Two of Ireland’s most distinctive regions sit on the southwest coast: County Clare with the Burren, and County Kerry with its mountains and peninsulas.

Both have certified eco accommodation. Both are genuinely worth visiting.

But they’re profoundly different places, and the choice shapes your entire experience. Let’s compare them honestly.

The Landscape: Completely Different Characters

The Burren in Clare is a limestone plateau carved by erosion into a labyrinth of rocky terrain, grassland, and hidden valleys. It’s austere, geological, almost alien. Few trees. Wildflowers bloom from rock crevices. Ancient monuments scatter across the landscape.

It’s beautiful, but in a stark, challenging way. If you love extreme landscape, the Burren is unmatched.

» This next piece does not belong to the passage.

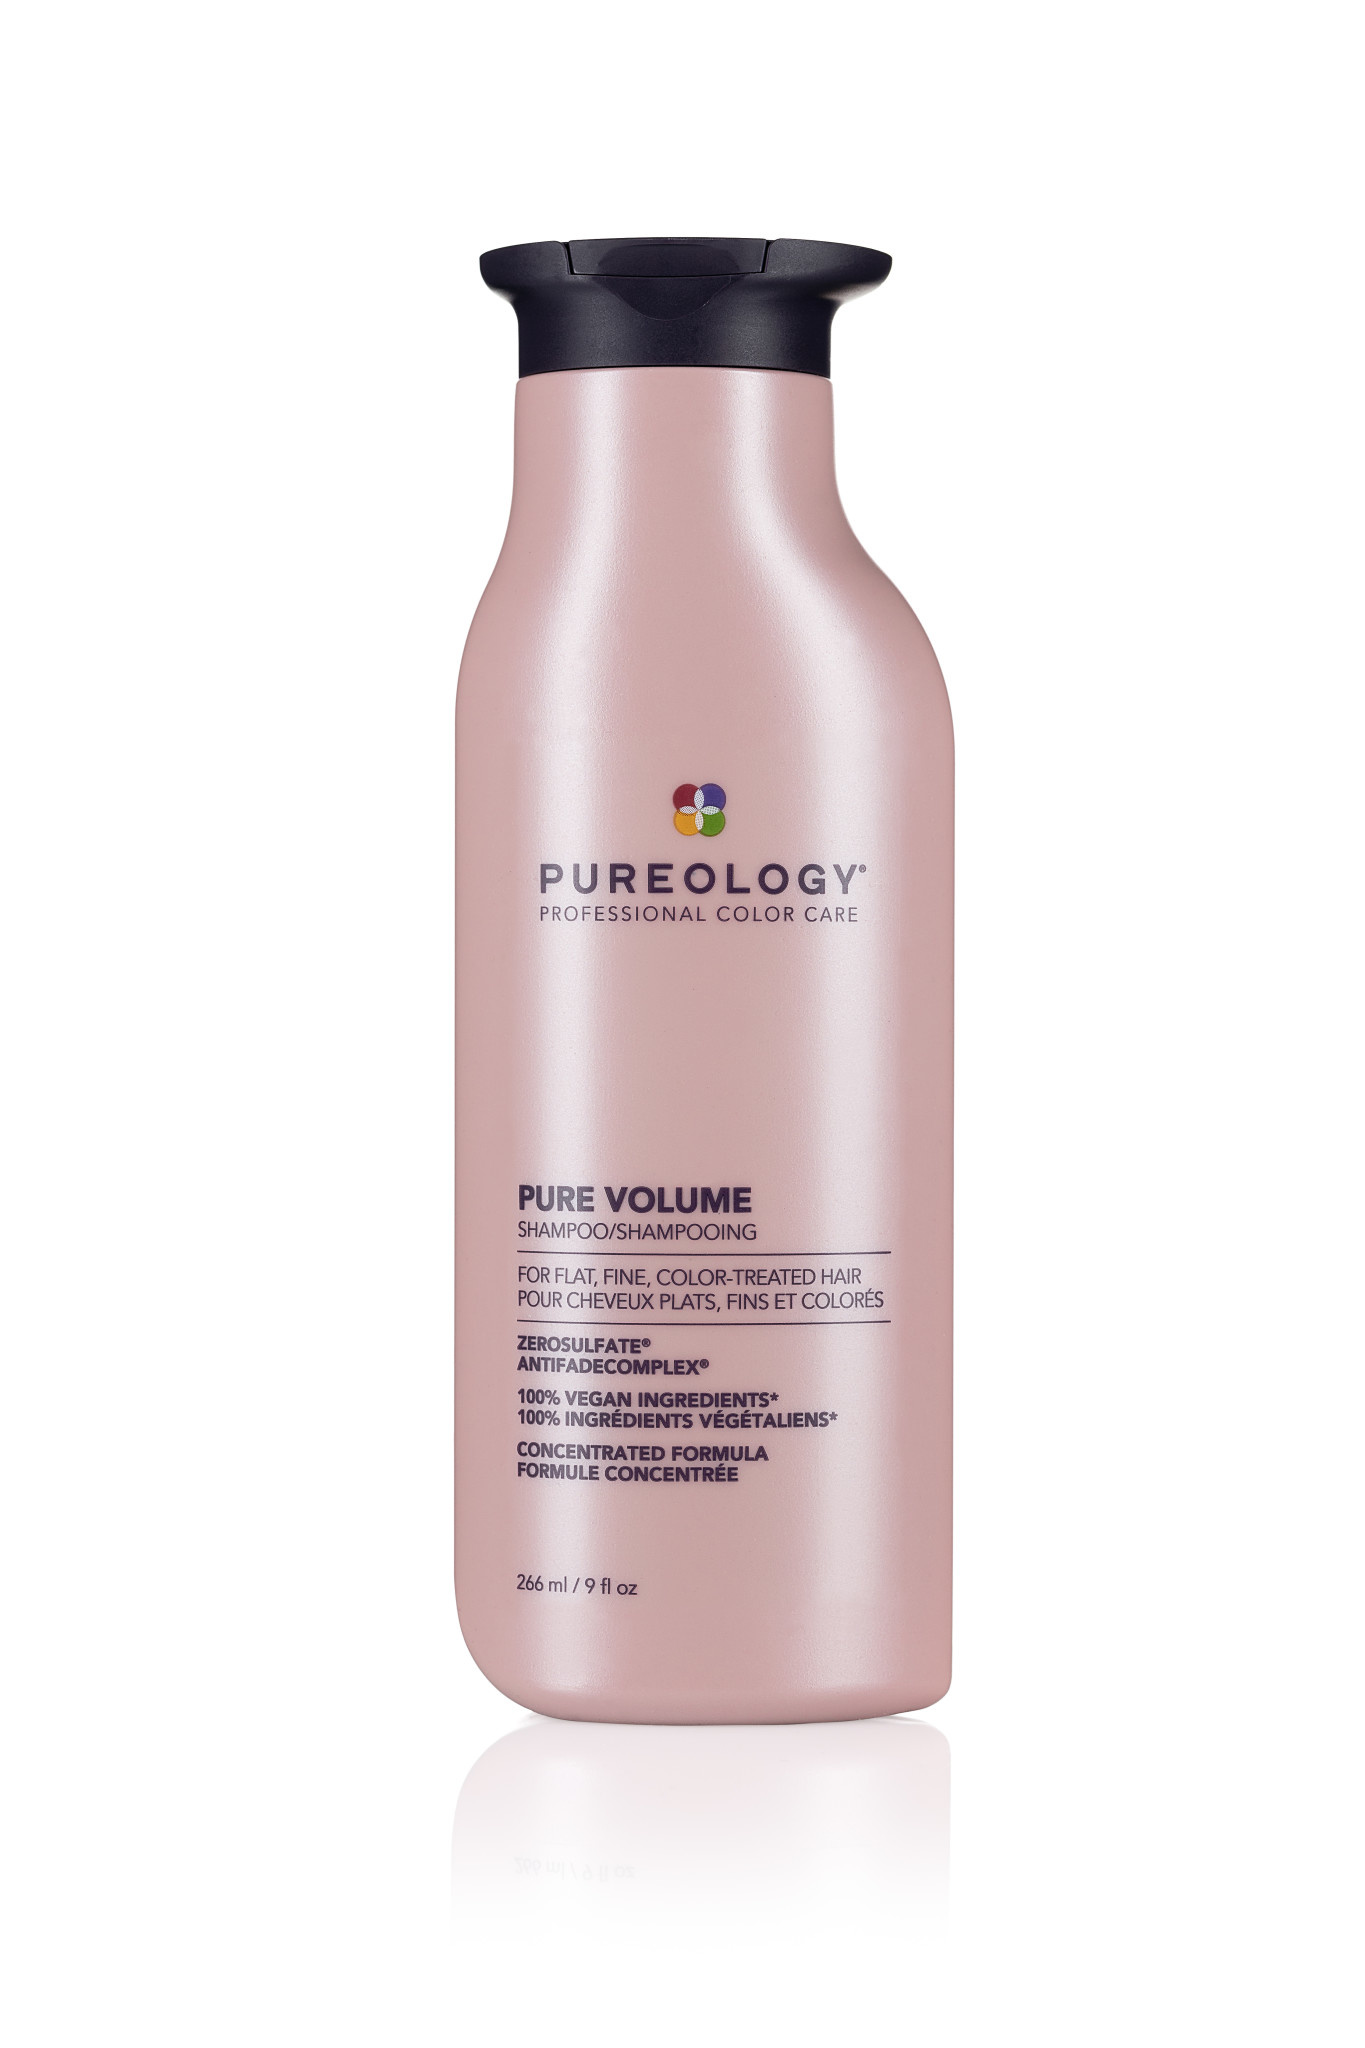 PUREOLOGY - PURE VOLUME Shampooing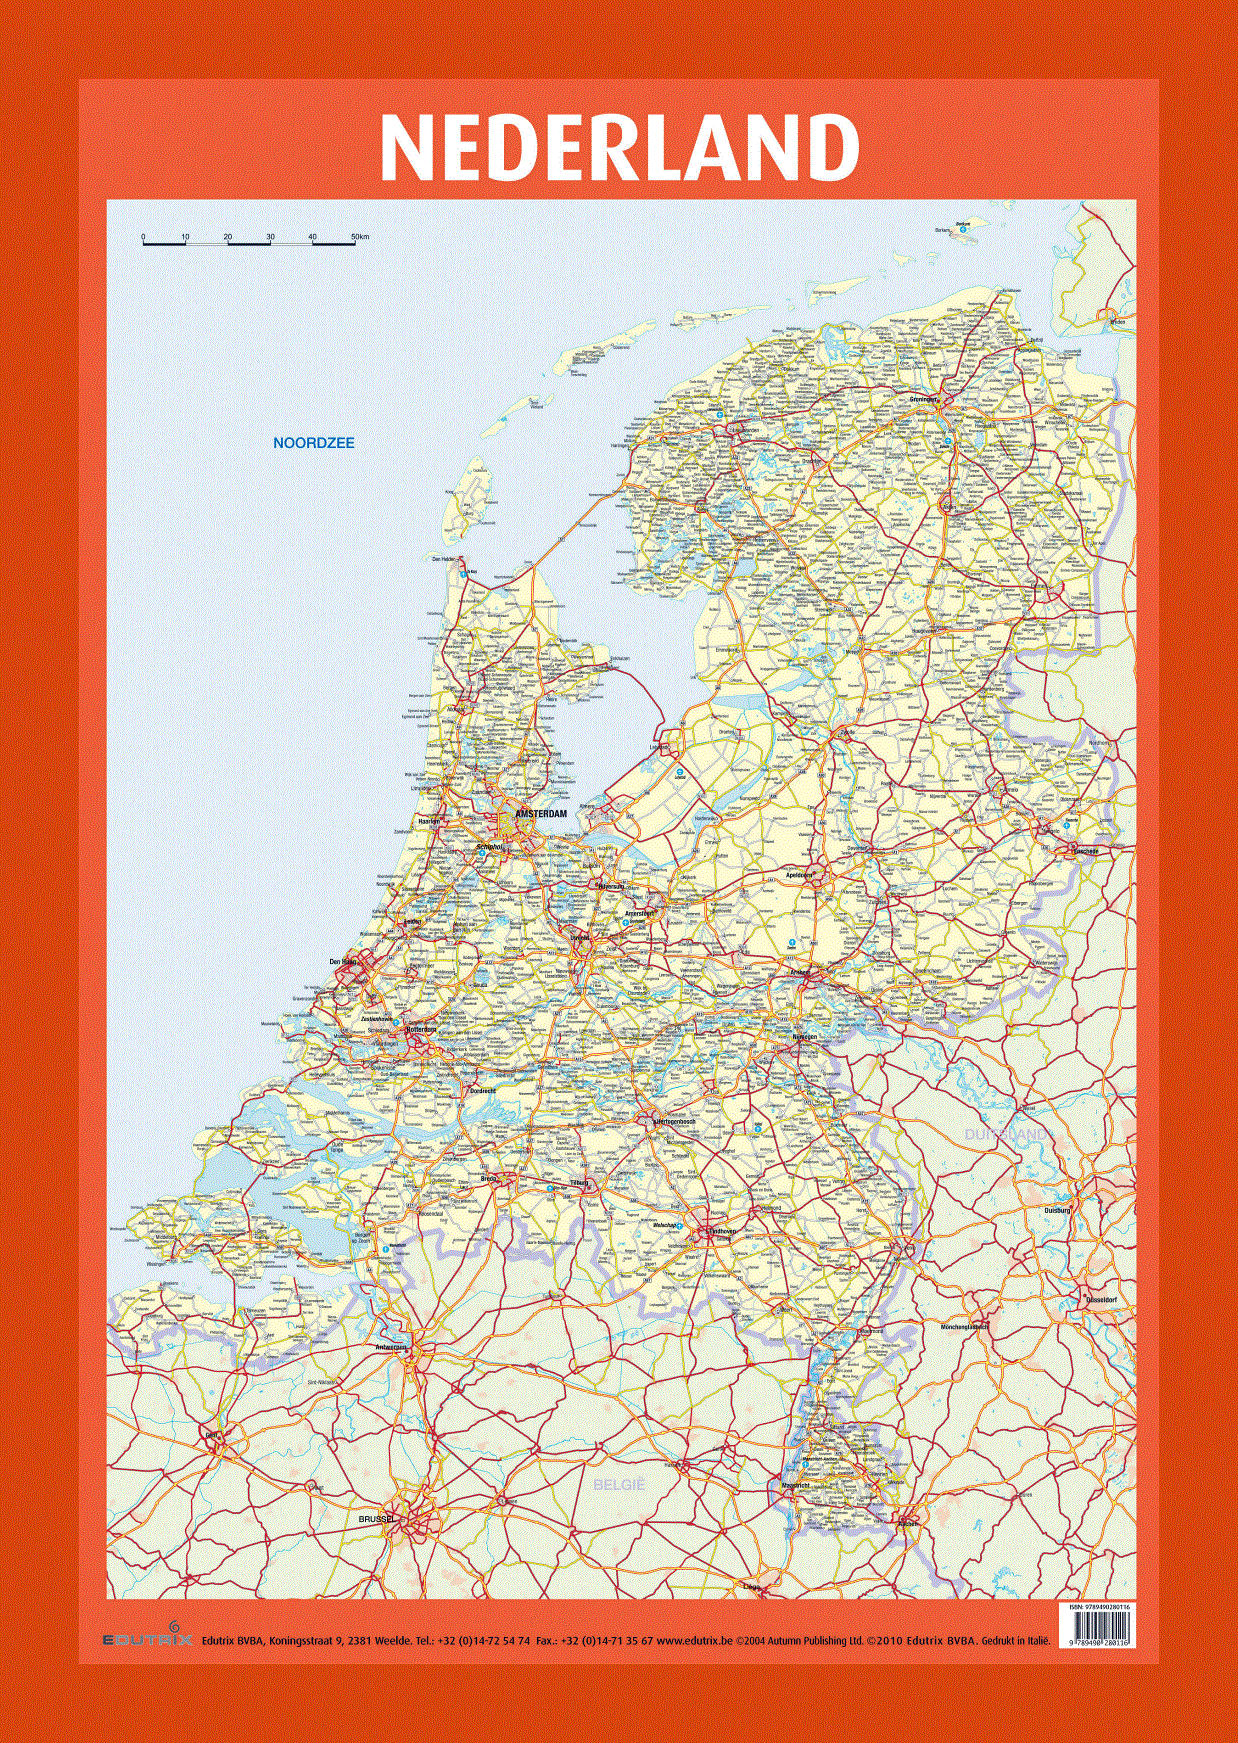 Road map of Netherlands

Kerry offers mountains (including Ireland’s highest peak), the Ring of Kerry loop, the Dingle Peninsula, and coastal valleys. The landscape is green, lush, conventionally “picturesque.” Mountains meet the sea. Narrow valleys wind into moorland.

It’s also beautiful, but in a softer, more accessible way. The landscape looks like what people expect Ireland to look like.

Winner: This is aesthetic preference. Love stark geology? Clare. Love green mountains and coast? Kerry.

Eco Certification Infrastructure: Clear Advantage to Clare

County Clare has the Burren Ecotourism Network, established in the 1990s and the most developed regional eco scheme in Ireland.

The result: Clare has higher concentration of certified properties, more variety, more competition (which means better value). If you want options, Clare delivers them.

Kerry also has certified properties, including excellent ones. But the concentration is lower. Your choices are more limited.

If certification density matters, Clare wins structurally.

Winner: Clare for abundance of certified options.

Types of Stays: Different Experiences

Clare’s eco properties emphasise immersion. Off-grid yurts. Remote cottages. Stays where isolation is the point.

Kerry’s eco properties are slightly more conventional. Beautiful cottages. Scenic B+Bs. Eco-lodges with full amenities. Nature-focused, but with modern convenience.

If you want to be genuinely off-grid, Clare has more options. If you want comfort with nature, Kerry has more.

Winner: Depends on your preference. Off-grid immersion? Clare. Comfort with nature? Kerry.

Access and Getting Around: Kerry Advantage

The Ring of Kerry is a defined loop with clear infrastructure. Towns have shops, restaurants, services.

The Burren requires local knowledge. Roads are narrow and confusing. Finding accommodation might involve wrong turns. The landscape is harder to navigate.

If you want ease of exploration and evening services, Kerry is simpler.

If you’re centred on your accommodation and immersion in landscape, Clare’s remoteness is an asset.

Winner: Kerry for convenience. Clare for isolation.

Cost Comparison: Marginal Difference

Certified eco accommodation costs similarly in both regions: roughly 120-160 euros per night for mid-range properties.

Clare might be marginally cheaper because supply is higher. Kerry might have a few more luxury options, which can skew prices upward.

The difference is negligible. Budget the same for both.

Winner: Tie. Pricing is similar.

Culture and Local Life

Clare has a strong music and traditional arts culture. Doolin is a music hub. Sessions happen in pubs. Strong cultural identity exists.

Kerry has a farming culture and outdoor recreation culture. More walking, more outdoor focus, more adventure orientation.

Neither is objectively better. Both offer real engagement if you’re interested. It’s about what appeals to you: music and traditional arts, or outdoor culture.

Winner: Tie. Different cultures, both strong.

Weather Patterns

Both regions face the Atlantic and receive significant rain.

Clare’s plateau can be cloud-covered, which reduces visibility but creates atmospheric landscape.

Kerry’s exposed coastline experiences strong Atlantic winds.

Neither is reliably sunny. Both are distinctive in rain. Choose neither for guaranteed sunshine.

Winner: Tie. Both are wet and wild.

The Honest Assessment

Choose Clare if you want:

  • Genuinely off-grid landscape immersion
  • Maximum certified accommodation options
  • Stark, geological beauty
  • Isolation and focus on landscape
  • Traditional Irish culture
  • A retreat where remoteness is the point

Choose Kerry if you want:

  • Conventional green Irish landscape
  • Easier navigation and access
  • More comfort with your nature
  • Outdoor activities (walking routes are more developed)
  • Easier access to services and dining
  • A retreat that’s beautiful but not austere

Both regions have certified eco stays. Both are worth visiting. The choice comes down to what landscape and what type of isolation appeals to you.

The Burren experience is fundamentally different from the Ring of Kerry experience. Neither is objectively better. They’re just different ways of being in Irish landscape.

If you’ve never visited either, consider this: Clare offers something you can find nowhere else in Ireland. Kerry offers Irish landscape in a more familiar form.

Either choice is a choice for certified eco stay and landscape immersion.

Pick the one that matches what you actually want.